Significantly, the Nigerian Supreme Court held that unlike State orders or laws involving matters of concurrent or exclusive jurisdiction where the State legislative or executive action cannot run counter to the federal action,  the doctrine of covering the field does not apply to state action in residual matters. AGF v. AG Lagos, Suit No. SC 340/2010 [2013], 16 NWLR (Part 1380) 249.

 

The states, by contrast, possess a general police power—an inherent authority that is then limited by both the state and federal Constitution. A governor or state legislature can often act without a specific grant of power. The power to act is presumed, absent a specific limitation. That is the essence of a federal system.

 

The United States has a more well-defined and historically robust federal system than does Nigeria. However, Nigeria is still a federal Republic and the centralization of power is not unchecked. Just as it would horrify many in Aso Rock if it were determined that religious observations and customs -including Sharia Law, for instance were banned because the federal government has exclusive constitutional authority in that sphere, so should the federal government stand down in this Calverton Helicopter Incident. In 1824, the U.S. Supreme Court observed in Gibbons v.

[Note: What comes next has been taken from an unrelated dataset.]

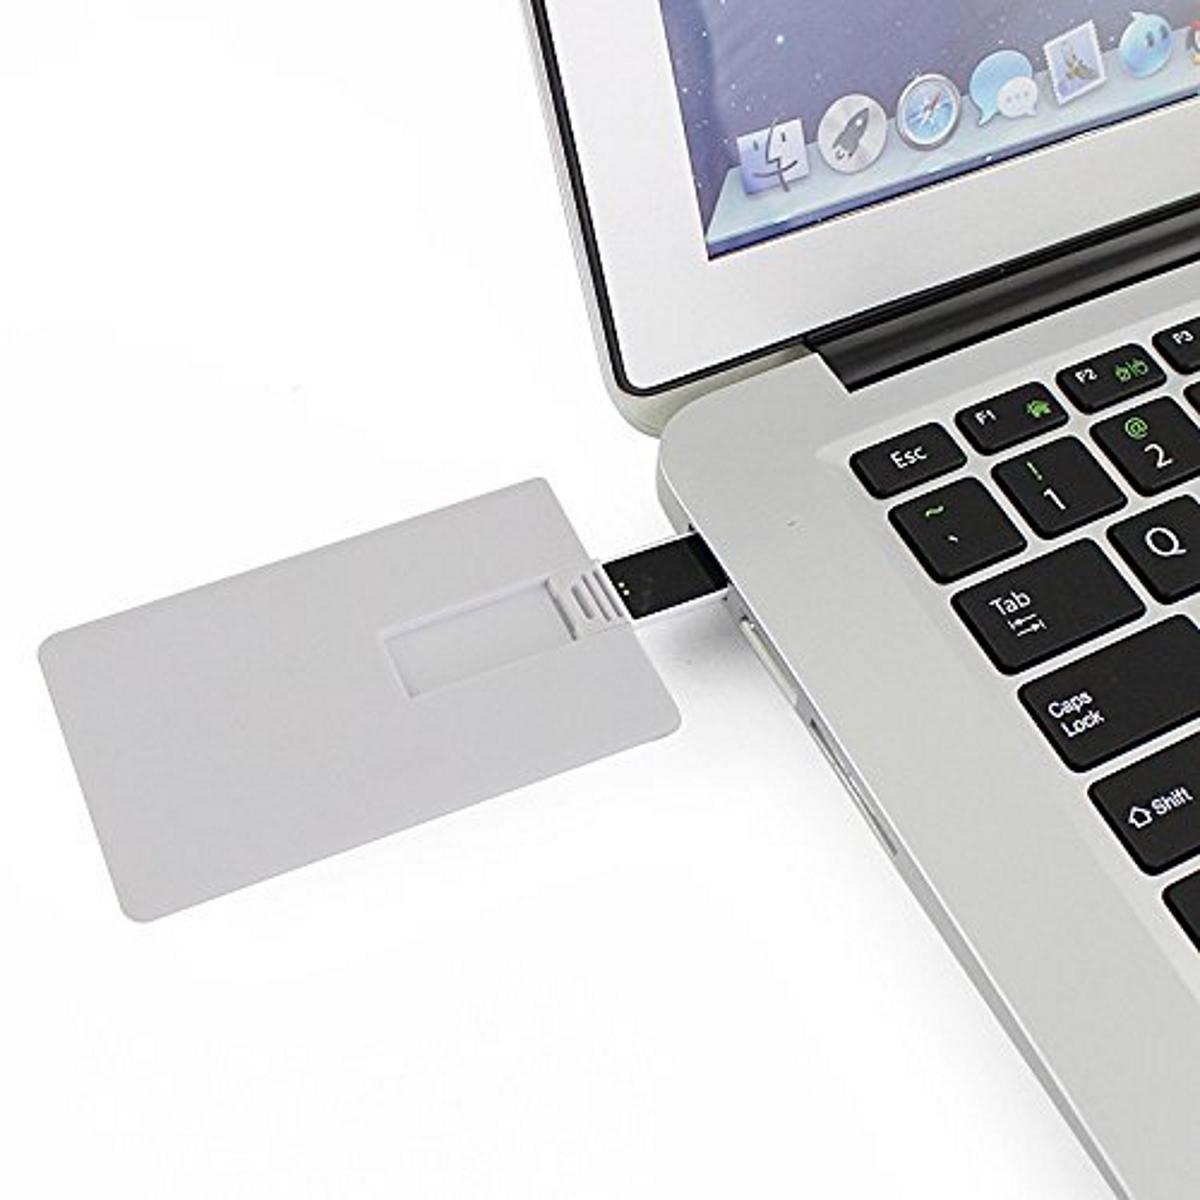 GB) USB Kreditkarte USB-Stick (Weiss, GERMANY 16 ®

Ogden that sovereign state authority includes the authority to enact “quarantine laws” and “health laws of every description.”

 

It may be useful to address the question thusly: just as Nigeria’s president and the federal government in general are acting at the peak of their powers during times of war when national security is threatened, Nigeria’s governors are often at the peak of their power when public health is at stake.

 

Rivers State is “at War” with COVID-19. H.E. Chief Nyesom Wike is entrusted with the health and well-being of the citizens of Rivers State and he has the power to impose a lockdown and arrest or thwart anyone that threatens Rivers State during this health crisis – even if that threat is employed by or excused by the federal government.  The COVID-19 virus does not know the difference, and neither must Chief Wike if he is to win this War against COVID-19 and the real threat of a pandemic that could kill hundreds of thousands of Rivers’ people.

 

 

Clearly, Governor Wike’s lockdown is not a regulation of aviation or the oil industry but an evenhandedly applied health and safety response to the pandemic, just as the lockdown’s prevention of political rallies or attendance at football matches are not regulations of free speech and association or sport.  The incidental effects of a lockdown cannot invalidate its compelling and urgent legitimate objective.  Otherwise, government would be helpless in fighting pandemics that threaten all.  No constitution should be interpreted to make it a suicide pact. 

 

The federal government and the Ministry of Aviation cannot want to improve oil revenue at the expense of the health and well-being of the citizens of Rivers State. The Minister has taken the joke too far. He wants to kill Rivers people simply because he needs oil revenue. The Minister should listen to himself again.

 

 

 

*Lloyd F. Ukwu, a lawyer writes from Port Harcourt

and

*Bruce Delvalle, a constitutional law expert writes from Washington DC, USA.